1st Patient Data Platform Seeks to Boost Care, Treatment Development
The HypoPARAthyroidism Association has launched the first-of-its-kind Patient-Powered Data Platform, a repository to help understand the disease journey and develop better treatments for people with hypoparathyroidism.
Interested participants — patients, caregivers, or those who have lost a loved one to the rare disease — can enter patient data about common symptoms of hypoparthyroidism, medical history, and quality of life, which will become available to researchers in their clinical trials and to clinicians to help them with treatment decisions.
“Few clinicians and healthcare providers have direct experience treating patients living with this rare disease, and so few understand its impact,” Dolores Shoback, MD, medical adviser at the HypoPARAthyroidism Association, said in a press release.
“The Patient-Powered Data Platform is a new tool that we are certain will become an essential community-driven resource for advancing collective understanding of HypoPARA, supporting the safe and rapid development of new therapies and better treatment paradigms to improve the health and quality of life for patients,” Shoback said.
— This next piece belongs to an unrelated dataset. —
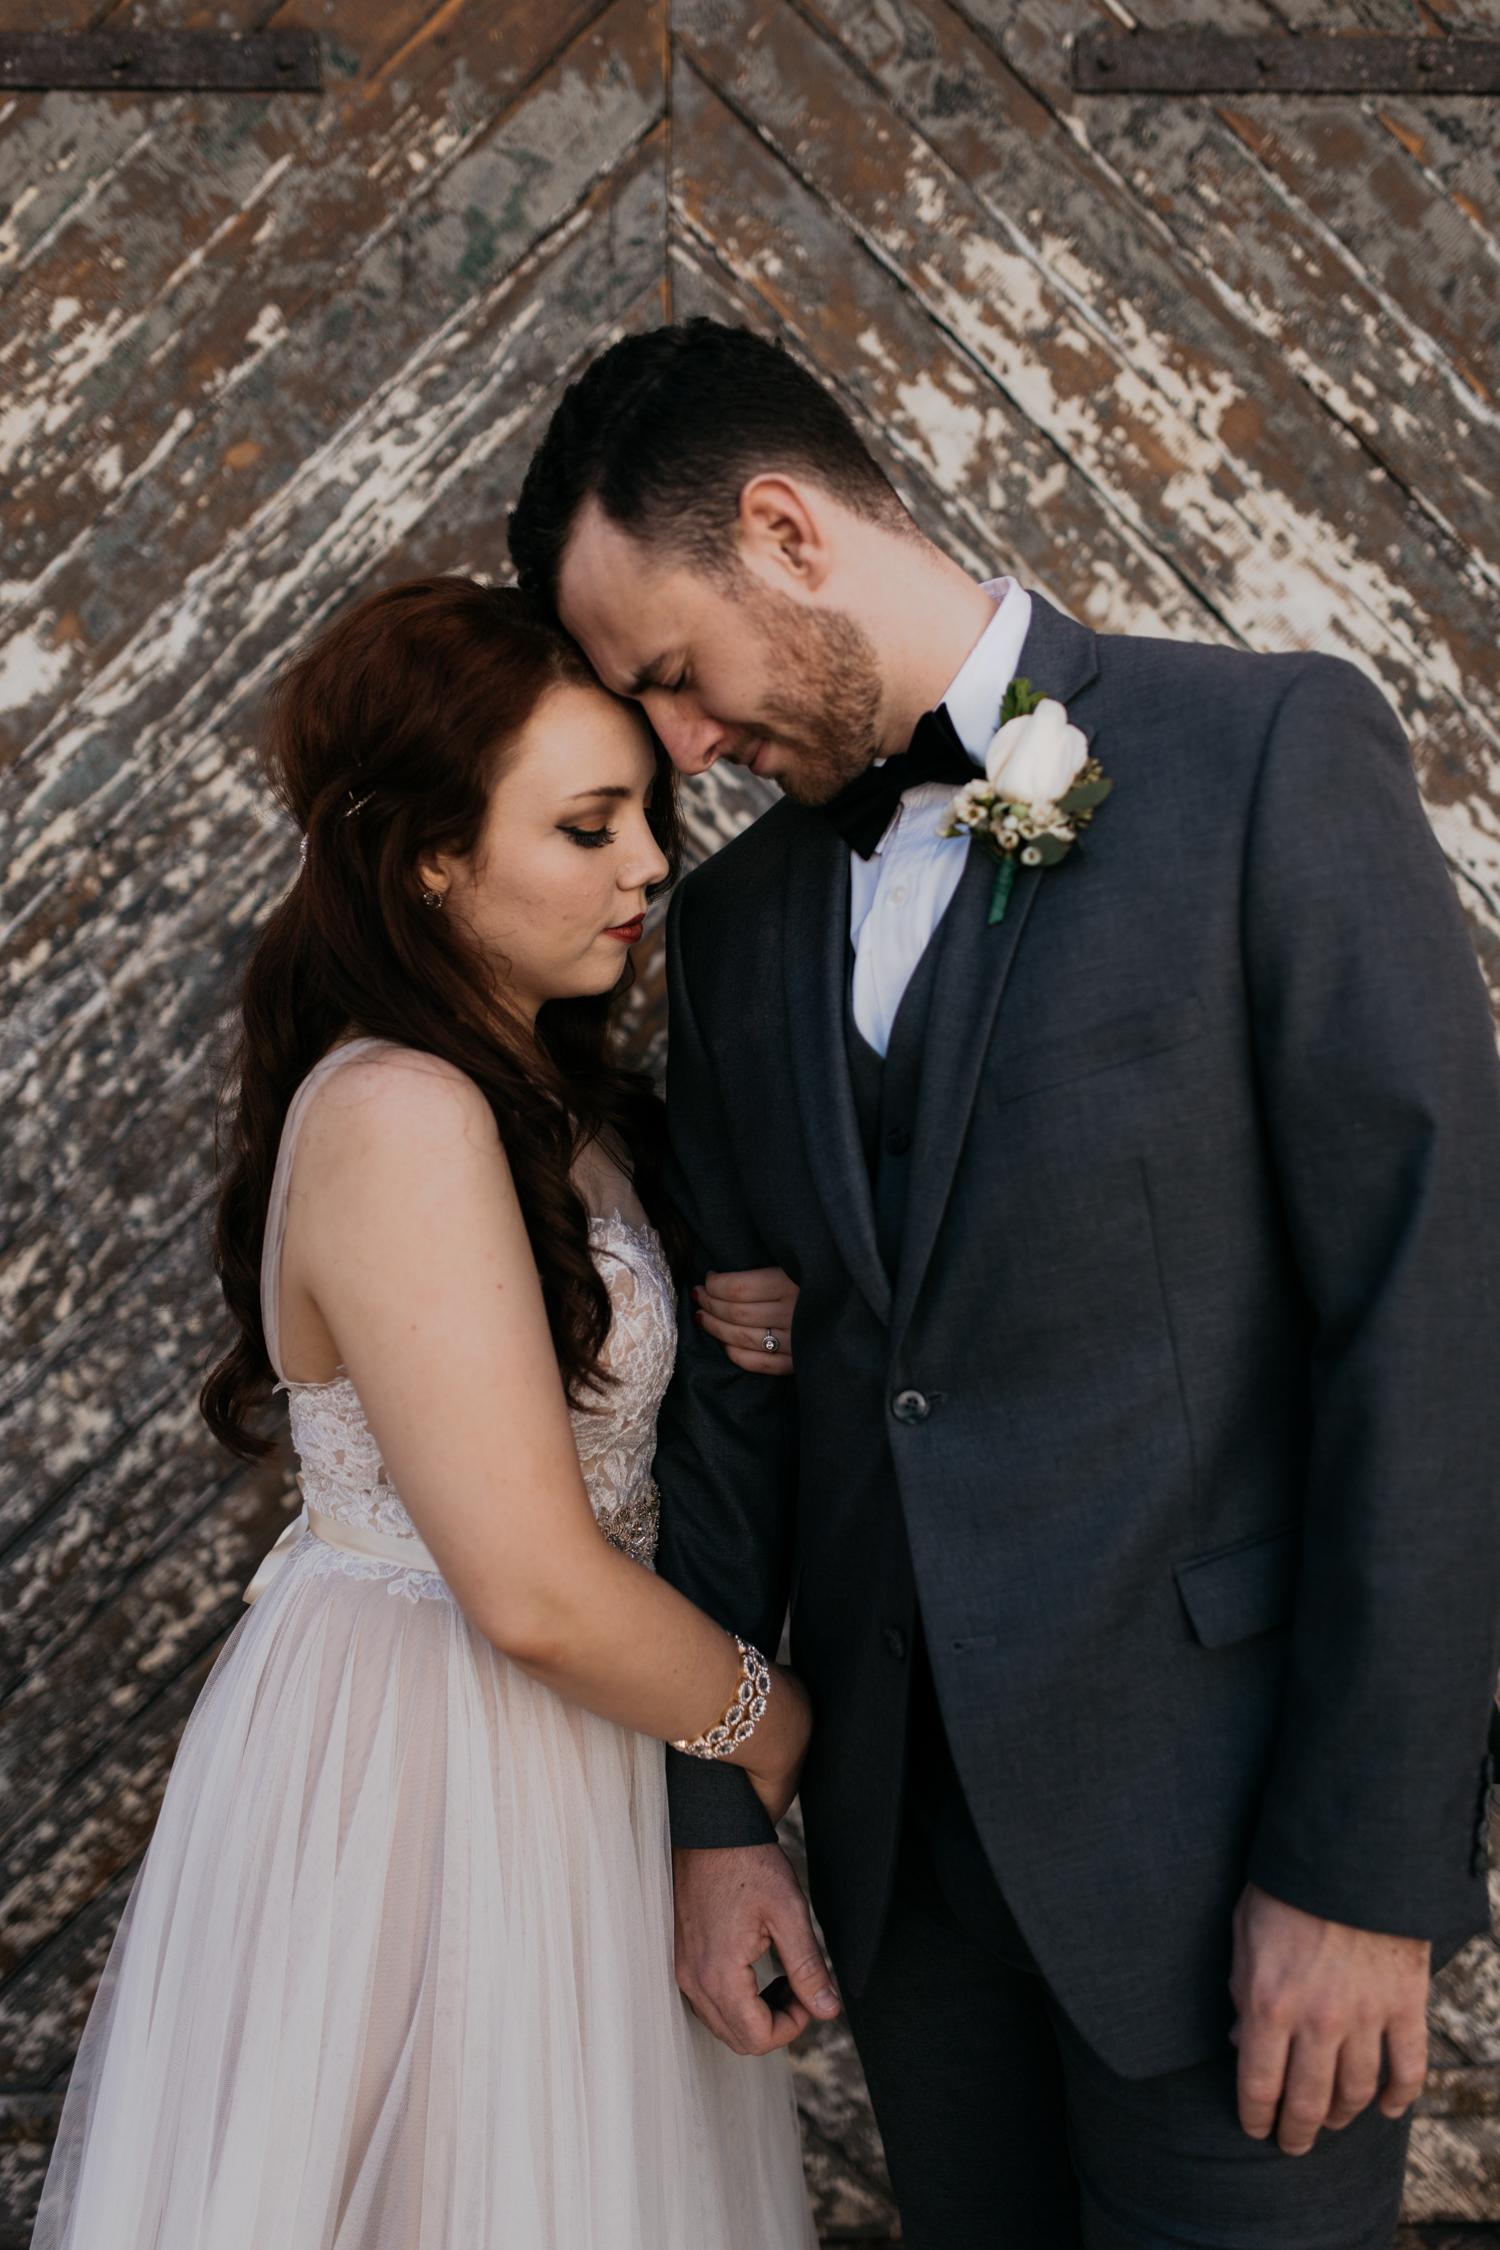 Yellow+Bird+Visuals+Destination+Wedding+Photographer-4903
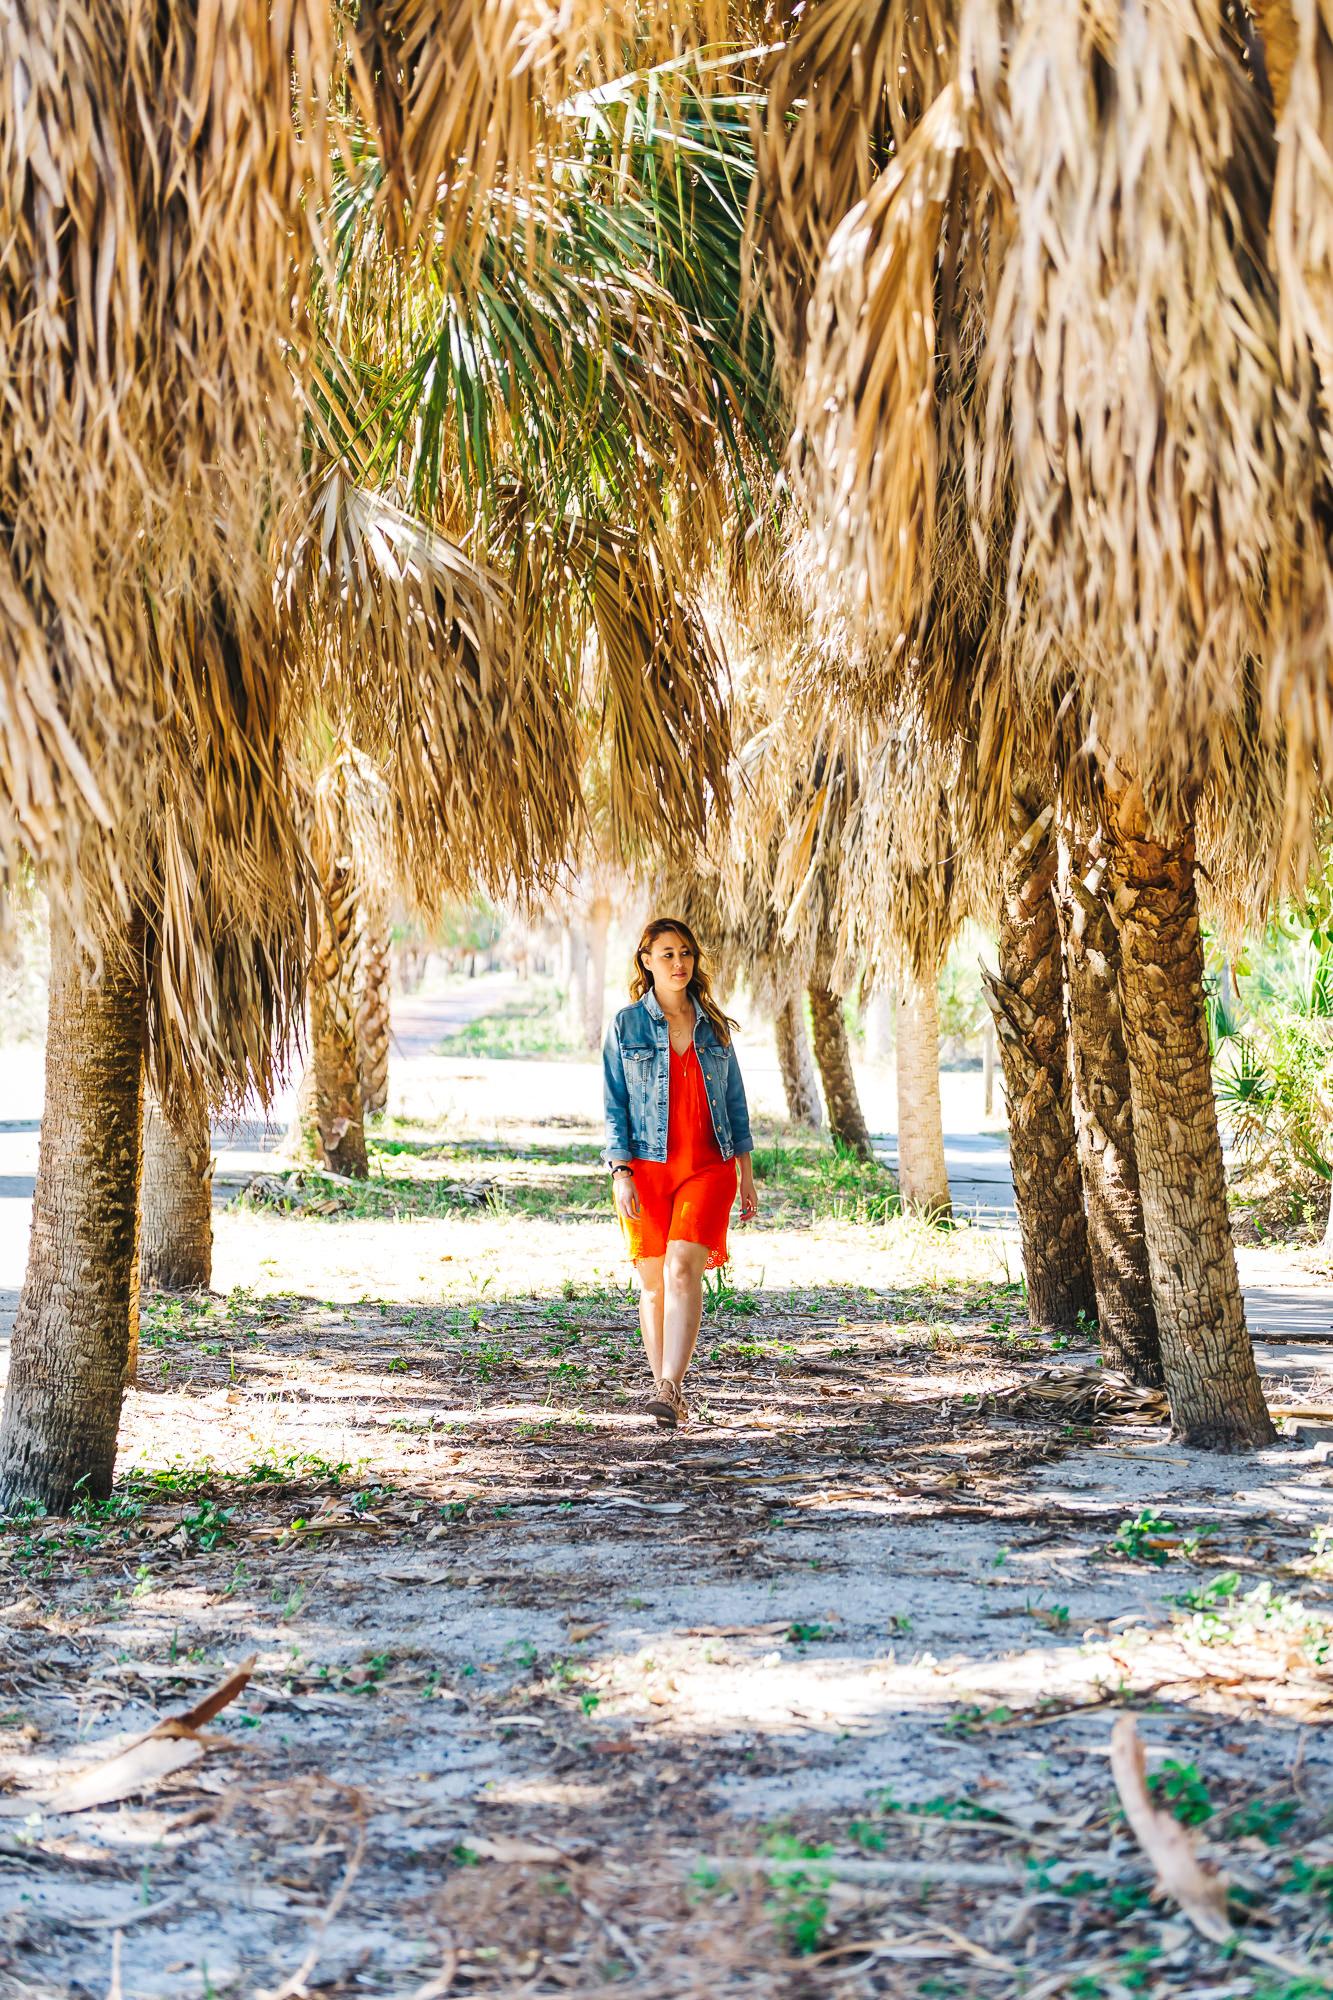 Exploring the trails of Egmont Key

“I hope those within the medical and healthcare communities who have contact with these patients will encourage them to learn more about the Patient-Powered Data Platform and consider participating in it,” she added.
The program is the result of a collaboration with RARE-X, a nonprofit that aims to accelerate rare disease research and treatments. RARE-X leverages technology developed by the Broad Institute of MIT, Harvard, and other partners to create a hub for patients, clinicians, and researchers.
“The Patient-Powered Data Platform will also make it easier to identify endocrinologists and other specialists who may have expertise in treating HypoPARA,” said Deb Murphy, director of research and studies, and former president at the HypoPARAthyroidism Association. “Ready access to such information is important for helping to ensure that known or suspected HypoPARA cases are diagnosed accurately and treated effectively on time.”
The repository is intended to help researchers understand long-term changes in symptoms and responses to therapy. This will improve clinical trial design and data collection strategies, while boosting participation in clinical studies, according to the association. Moreover, it will provide researchers with natural history data — how a disease progresses in the absence of treatment — instead of having to assign patients to a placebo (control group).
This type of platform seeks to speed the development of potential therapies and shorten the time to make them available to patients.
“Understanding the signs, symptoms, diagnostic criteria, causes, and treatment paradigms for HypoPARA is critical for providing patients with optimum care, and systematically collecting such data is critical for enabling the innovation necessary to develop new treatments,” Murphy said.